Partially addresses #22881
Precedes #22590

What does this implement/fix? Explain your changes.

This makes LocalOutlierFactor preserves inputs dtype, in particular np.float32 dtyped inputs.

This also parametrizes tests from test_lof.py to run on np.float32 datasets.

sklearn/neighbors/tests/test_lof.py

Co-authored-by: Jérémie du Boisberranger <jeremiedbb@users.noreply.github.com>

jeremiedbb

LGTM

glemaitre

It could be worth to add the global_dtype for the test_predicted_outlier_number test, I think.

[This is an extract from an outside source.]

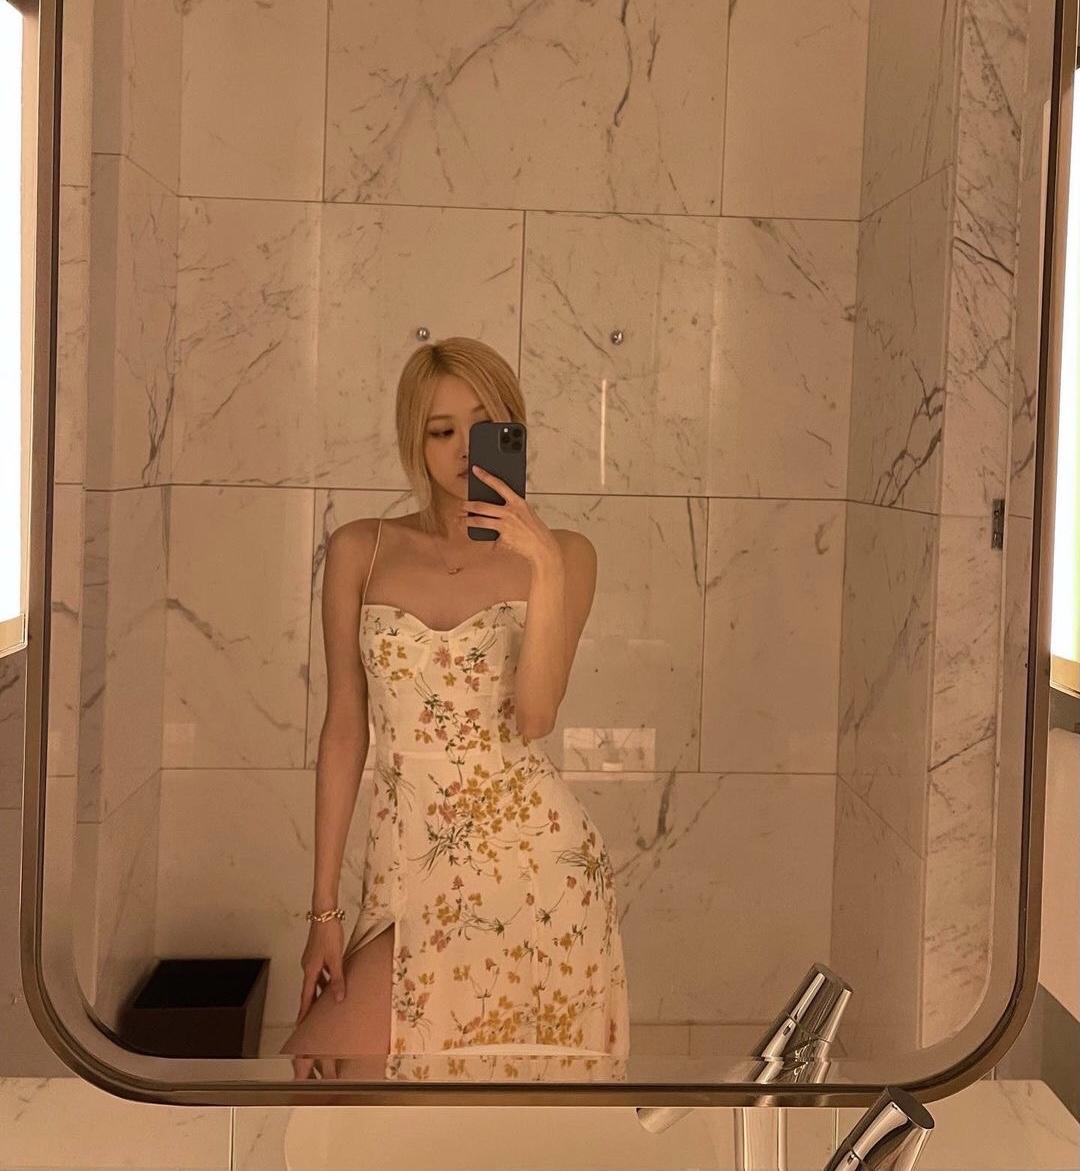 Rosé Black pink ở khách sạn mấy trăm triệu một đêm

sklearn/neighbors/tests/test_lof.py

Co-authored-by: Guillaume Lemaitre <g.lemaitre58@gmail.com>

sklearn/neighbors/tests/test_lof.py

Tests currently fails because X can be a list of list of numbers and thus not have a `dtype` attribute. See this RFC for discussions: scikit-learn#24745

sklearn/neighbors/_lof.py

glemaitre

I did not look at the test yet but I am a bit confused here. If I understand properly, to be able to use global_dtype in the test, we have to make LocalOutlierFactor to preserve dtype since we make some casting in some parts of the code.

sklearn/neighbors/_lof.py

glemaitre · 2022-11-03T18:41:17Z

We should be adding the _more_tags and define that we preserve np.float32 and np.float64 dtype. It will complete some of the tests where we are testing the type preservation of some of the attributes.

glemaitre · 2022-11-03T18:43:12Z

sklearn/neighbors/tests/test_lof.py

@@ -71,32 +78,32 @@ def test_lof_performance():
    assert roc_auc_score(y_test, y_pred) > 0.99


We should be testing somewhere that y_pred is preserving dtype also.

we do it later for decision_function and score_samples

I understand your last message as indicating that we are not needing and assertion for dtype preservation because this is done in test_score_samples. Is this what you meant?

glemaitre · 2022-11-03T18:46:43Z

Otherwise, I think that the other tests are fine.

Co-authored-by: Guillaume Lemaitre <g.lemaitre58@gmail.com>

jjerphan · 2022-11-04T09:58:18Z

I've changed the scope of this PR from TST to ENH as it also makes LocalOutlierFactor preserve dtypes.

glemaitre

I am thinking that we could isolate the check of the attribute dtype in a separate test. It would be more readable. We could also add a test to check the consistency 32/64 bits.

In some way this is what we try to do in other preservation dtype PRs: https://github.com/scikit-learn/scikit-learn/pull/24714/files#diff-1f2d3a6511fee4ecd34ef77089119895929c26b5f1193493eacdfd4e745cded7R253

Co-authored-by: Guillaume Lemaitre <g.lemaitre58@gmail.com>

glemaitre · 2022-11-15T13:47:07Z

I would still propose adding a test for the equivalence 32/64 bits regarding the prediction/score functions.

I also find it cleaner to delay the check for the dtype in the "preservation" test.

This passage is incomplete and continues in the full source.